The adoption of the further beneficial effects is as follows: the isocratic elution ensures that the gallic acid with small molecular weight flows out firstly to obtain effective enrichment, can improve the separation efficiency of target compounds and simultaneously remove impurities.
Further, in the step 3, the temperature reduction crystallization refers to standing for 12 hours at room temperature of 16-30 ℃.
The adoption of the further beneficial effects is as follows: the crystallization speed is proper in the temperature range, the crystallization yield is high, and the product purity is high.
Further, in the step 3, the drying means that the drying is carried out at the temperature of 60-70 ℃ and the vacuum degree of-0.04-0.06 MPa, and the drying is carried out in vacuum until the weight loss is less than or equal to 1 percent.
The adoption of the further beneficial effects is as follows: the product is light in color while the dryness of the product is ensured.
Further, in the step 3, the mass percentage of the gallic acid in the high-content gallic acid is more than or equal to 95%.
The adoption of the further beneficial effects is as follows: in the prior art, the mass percentage of the gallic acid is less than or equal to 91 percent. By adopting the method, the mass percentage of the gallic acid is more than or equal to 95 percent. Therefore, the invention can obviously improve the content of the gallic acid.
The second purpose of the invention is to provide a high-content gallic acid.

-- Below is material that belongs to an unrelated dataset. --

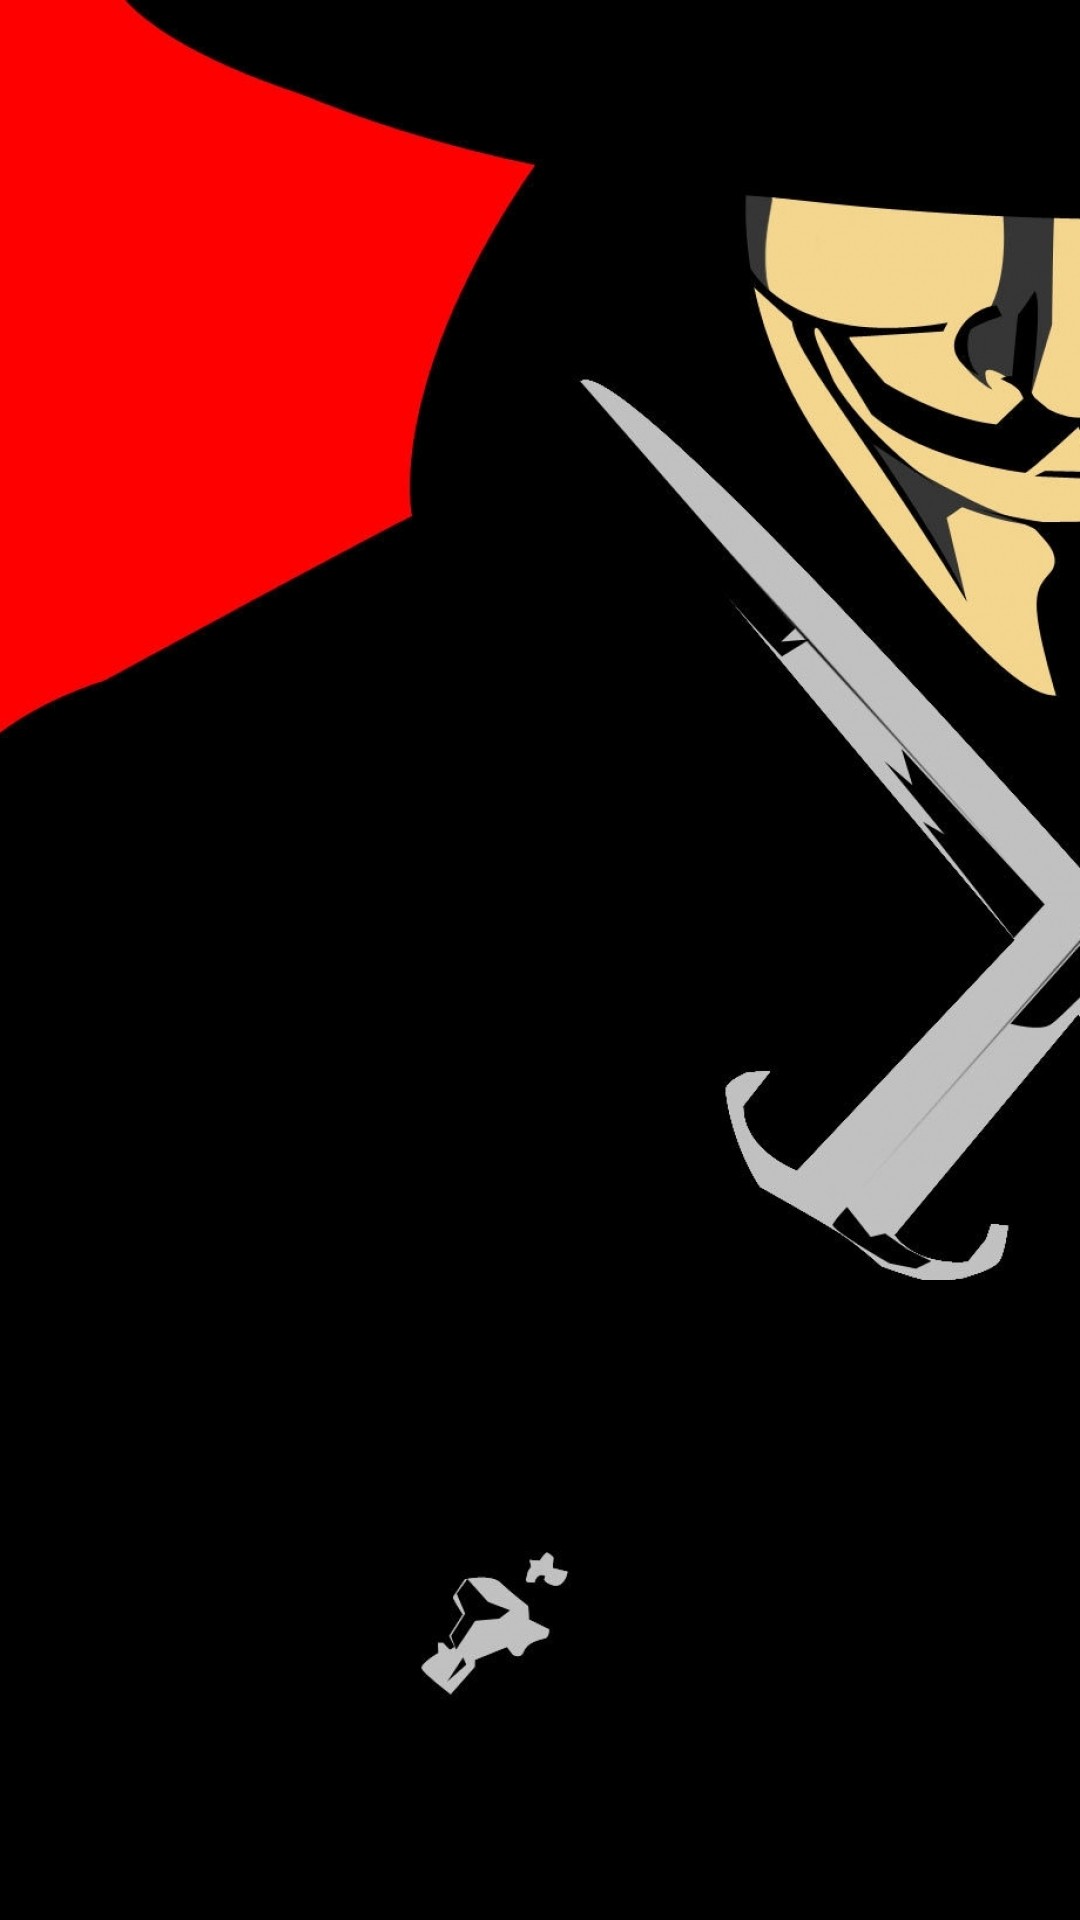 1080x1920 Search Results for “v for vendetta iphone 6 wallpaper” – Adorable Wallpapers

The technical scheme for solving the technical problems is as follows: a high content gallic acid is obtained by the above preparation method.
The beneficial effects of the high-content gallic acid of the invention are as follows:
the high-content gallic acid is prepared by the method, the preparation method is simple, the prepared gallic acid content is high, and the method is suitable for industrial production.
Drawings
FIG. 1 shows the high gallic acid content obtained in example 1 of the present invention1H NMR(500MHz,CD3OD) spectrum;
FIG. 2 shows the high gallic acid content obtained in example 1 of the present invention13C NMR(125MHz,CD3OD) spectrum.
Detailed Description
The principles and features of this invention are described below in conjunction with the following drawings, which are set forth by way of illustration only and are not intended to limit the scope of the invention.
Example 1
The preparation method of high-content gallic acid of this embodiment includes the following steps:
step 1: preparation of Gallic acid extract
Drying fresh folium Cone, pulverizing, and sieving with 40-60 mesh sieve to obtain folium Cone powder. Taking 0.5kg of folium pyramidal powder, adding 10% ethanol water solution by mass percent, wherein the mass ratio of the folium pyramidal powder to the polar solvent is 1:30, and carrying out ultrasonic extraction, wherein the frequency of the ultrasonic extraction is 30KHz-40KHz, the temperature is 16-30 ℃ and the frequency is 2-3 times, and each time is 30min-45min, thus obtaining the gallic acid extract.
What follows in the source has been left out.